(Excerpted data)
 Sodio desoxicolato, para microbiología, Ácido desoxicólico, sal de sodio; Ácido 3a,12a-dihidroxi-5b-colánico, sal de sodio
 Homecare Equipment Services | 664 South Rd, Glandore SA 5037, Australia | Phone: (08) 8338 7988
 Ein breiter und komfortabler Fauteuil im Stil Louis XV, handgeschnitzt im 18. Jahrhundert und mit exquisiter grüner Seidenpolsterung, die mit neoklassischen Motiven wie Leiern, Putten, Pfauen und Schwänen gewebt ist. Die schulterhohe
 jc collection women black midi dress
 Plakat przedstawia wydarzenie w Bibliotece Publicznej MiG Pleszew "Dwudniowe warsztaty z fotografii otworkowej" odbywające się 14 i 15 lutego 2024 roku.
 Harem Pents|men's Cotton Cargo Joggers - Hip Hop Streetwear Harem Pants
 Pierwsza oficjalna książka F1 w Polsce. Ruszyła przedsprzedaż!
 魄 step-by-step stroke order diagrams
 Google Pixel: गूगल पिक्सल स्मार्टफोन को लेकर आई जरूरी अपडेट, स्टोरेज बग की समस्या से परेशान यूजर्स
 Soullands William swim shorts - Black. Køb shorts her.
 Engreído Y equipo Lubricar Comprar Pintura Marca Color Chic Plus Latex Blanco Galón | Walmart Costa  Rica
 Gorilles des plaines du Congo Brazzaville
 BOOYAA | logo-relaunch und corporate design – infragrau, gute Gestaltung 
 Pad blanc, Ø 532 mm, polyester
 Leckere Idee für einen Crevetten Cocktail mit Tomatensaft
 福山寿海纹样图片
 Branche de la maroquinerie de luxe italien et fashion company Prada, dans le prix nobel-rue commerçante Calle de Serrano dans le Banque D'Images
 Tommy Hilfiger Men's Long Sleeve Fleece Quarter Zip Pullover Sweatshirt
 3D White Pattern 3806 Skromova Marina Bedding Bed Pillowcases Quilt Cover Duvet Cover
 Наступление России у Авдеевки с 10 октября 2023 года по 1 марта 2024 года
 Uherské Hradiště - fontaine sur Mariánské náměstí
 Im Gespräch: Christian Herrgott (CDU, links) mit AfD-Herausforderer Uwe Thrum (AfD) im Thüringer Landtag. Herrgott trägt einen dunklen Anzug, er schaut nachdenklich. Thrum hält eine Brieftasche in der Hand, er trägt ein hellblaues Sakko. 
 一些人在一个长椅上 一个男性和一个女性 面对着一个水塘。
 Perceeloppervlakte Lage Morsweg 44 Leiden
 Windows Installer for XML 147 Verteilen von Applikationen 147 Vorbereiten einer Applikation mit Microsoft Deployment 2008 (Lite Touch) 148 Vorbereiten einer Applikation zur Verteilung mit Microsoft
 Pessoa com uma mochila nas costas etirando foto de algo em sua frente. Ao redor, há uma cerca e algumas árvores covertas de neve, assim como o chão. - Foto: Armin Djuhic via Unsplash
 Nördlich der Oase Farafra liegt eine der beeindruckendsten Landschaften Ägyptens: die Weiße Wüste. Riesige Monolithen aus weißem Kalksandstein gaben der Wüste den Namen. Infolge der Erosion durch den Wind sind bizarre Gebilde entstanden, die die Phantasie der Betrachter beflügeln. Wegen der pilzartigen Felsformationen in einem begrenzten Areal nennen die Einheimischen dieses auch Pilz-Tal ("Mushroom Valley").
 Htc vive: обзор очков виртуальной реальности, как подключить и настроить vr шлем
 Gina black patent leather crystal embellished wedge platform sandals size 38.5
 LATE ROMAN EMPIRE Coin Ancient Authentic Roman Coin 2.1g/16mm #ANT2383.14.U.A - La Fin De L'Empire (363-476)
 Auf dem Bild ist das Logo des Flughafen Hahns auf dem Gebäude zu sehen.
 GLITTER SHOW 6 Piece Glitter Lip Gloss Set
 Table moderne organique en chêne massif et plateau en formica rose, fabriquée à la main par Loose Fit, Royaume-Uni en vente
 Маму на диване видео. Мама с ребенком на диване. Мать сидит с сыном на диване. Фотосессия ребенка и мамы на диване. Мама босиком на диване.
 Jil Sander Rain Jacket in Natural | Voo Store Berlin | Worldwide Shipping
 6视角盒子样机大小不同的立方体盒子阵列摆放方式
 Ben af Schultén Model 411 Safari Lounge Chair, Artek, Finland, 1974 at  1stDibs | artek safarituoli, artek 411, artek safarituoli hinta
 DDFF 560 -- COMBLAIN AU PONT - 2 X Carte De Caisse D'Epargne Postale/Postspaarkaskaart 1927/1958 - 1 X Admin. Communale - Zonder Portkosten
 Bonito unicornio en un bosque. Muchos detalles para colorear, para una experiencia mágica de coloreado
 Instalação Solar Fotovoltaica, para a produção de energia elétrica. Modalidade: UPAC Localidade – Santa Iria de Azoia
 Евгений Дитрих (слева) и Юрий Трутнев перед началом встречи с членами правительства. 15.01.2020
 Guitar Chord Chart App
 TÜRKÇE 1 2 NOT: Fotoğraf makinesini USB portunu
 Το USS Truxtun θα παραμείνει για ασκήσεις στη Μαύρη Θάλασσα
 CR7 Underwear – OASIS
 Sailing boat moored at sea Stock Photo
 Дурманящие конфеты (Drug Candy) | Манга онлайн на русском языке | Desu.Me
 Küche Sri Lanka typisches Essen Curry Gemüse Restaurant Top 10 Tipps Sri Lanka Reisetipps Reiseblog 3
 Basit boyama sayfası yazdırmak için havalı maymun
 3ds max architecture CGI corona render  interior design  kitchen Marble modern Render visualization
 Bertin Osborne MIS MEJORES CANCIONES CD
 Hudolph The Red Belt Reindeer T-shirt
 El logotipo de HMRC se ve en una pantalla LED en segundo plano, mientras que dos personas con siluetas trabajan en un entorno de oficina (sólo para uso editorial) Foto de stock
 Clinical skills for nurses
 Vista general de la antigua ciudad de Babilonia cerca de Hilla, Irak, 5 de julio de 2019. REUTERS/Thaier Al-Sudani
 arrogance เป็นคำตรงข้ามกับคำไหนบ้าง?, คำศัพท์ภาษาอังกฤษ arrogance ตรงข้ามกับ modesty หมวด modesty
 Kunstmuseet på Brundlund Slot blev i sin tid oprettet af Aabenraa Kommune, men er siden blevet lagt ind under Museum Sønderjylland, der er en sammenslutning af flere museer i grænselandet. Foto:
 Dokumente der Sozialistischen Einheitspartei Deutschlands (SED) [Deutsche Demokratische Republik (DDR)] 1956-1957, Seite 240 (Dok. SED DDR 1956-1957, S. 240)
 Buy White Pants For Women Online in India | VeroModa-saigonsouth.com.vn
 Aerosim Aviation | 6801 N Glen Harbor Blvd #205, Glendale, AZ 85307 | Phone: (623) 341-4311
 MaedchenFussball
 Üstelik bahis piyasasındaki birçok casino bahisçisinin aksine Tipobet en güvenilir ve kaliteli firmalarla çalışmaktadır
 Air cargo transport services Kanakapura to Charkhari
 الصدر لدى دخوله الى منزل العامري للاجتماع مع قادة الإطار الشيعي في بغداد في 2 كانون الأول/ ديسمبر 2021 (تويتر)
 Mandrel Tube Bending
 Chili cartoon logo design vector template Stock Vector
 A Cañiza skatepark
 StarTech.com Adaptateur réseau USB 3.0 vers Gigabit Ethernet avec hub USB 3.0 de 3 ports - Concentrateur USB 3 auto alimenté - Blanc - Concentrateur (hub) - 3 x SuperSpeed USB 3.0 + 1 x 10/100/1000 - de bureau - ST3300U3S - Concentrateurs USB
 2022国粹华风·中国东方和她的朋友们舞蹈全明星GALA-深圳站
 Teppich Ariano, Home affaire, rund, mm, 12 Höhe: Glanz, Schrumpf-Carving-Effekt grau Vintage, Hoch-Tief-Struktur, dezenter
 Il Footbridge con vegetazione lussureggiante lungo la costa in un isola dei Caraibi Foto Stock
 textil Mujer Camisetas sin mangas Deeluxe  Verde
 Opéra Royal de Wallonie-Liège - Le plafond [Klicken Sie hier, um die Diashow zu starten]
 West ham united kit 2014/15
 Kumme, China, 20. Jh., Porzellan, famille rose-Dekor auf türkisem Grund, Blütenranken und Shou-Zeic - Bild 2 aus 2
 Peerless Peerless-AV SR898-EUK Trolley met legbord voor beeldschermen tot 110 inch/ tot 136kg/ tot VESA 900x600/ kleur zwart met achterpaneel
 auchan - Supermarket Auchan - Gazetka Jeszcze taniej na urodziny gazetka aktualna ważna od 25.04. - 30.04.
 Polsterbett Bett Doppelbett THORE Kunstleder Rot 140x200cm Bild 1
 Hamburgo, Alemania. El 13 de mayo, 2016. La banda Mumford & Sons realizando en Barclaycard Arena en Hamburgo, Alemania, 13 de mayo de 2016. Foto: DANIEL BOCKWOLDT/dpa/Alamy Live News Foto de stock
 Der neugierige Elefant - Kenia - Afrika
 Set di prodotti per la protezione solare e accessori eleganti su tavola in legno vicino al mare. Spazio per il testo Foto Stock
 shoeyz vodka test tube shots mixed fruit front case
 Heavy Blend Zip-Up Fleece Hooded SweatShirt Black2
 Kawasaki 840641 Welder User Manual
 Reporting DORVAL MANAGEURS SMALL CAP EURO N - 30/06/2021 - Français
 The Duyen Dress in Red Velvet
(End Excerpted data)
Instructions for the task —
Only the lines from the one bearing "Der neugierige Elefant - Kenia - Afrika" to the end of the material belong in the answer; set them down verbatim.

Exercise output —
 Der neugierige Elefant - Kenia - Afrika
 Set di prodotti per la protezione solare e accessori eleganti su tavola in legno vicino al mare. Spazio per il testo Foto Stock
 shoeyz vodka test tube shots mixed fruit front case
 Heavy Blend Zip-Up Fleece Hooded SweatShirt Black2
 Kawasaki 840641 Welder User Manual
 Reporting DORVAL MANAGEURS SMALL CAP EURO N - 30/06/2021 - Français
 The Duyen Dress in Red Velvet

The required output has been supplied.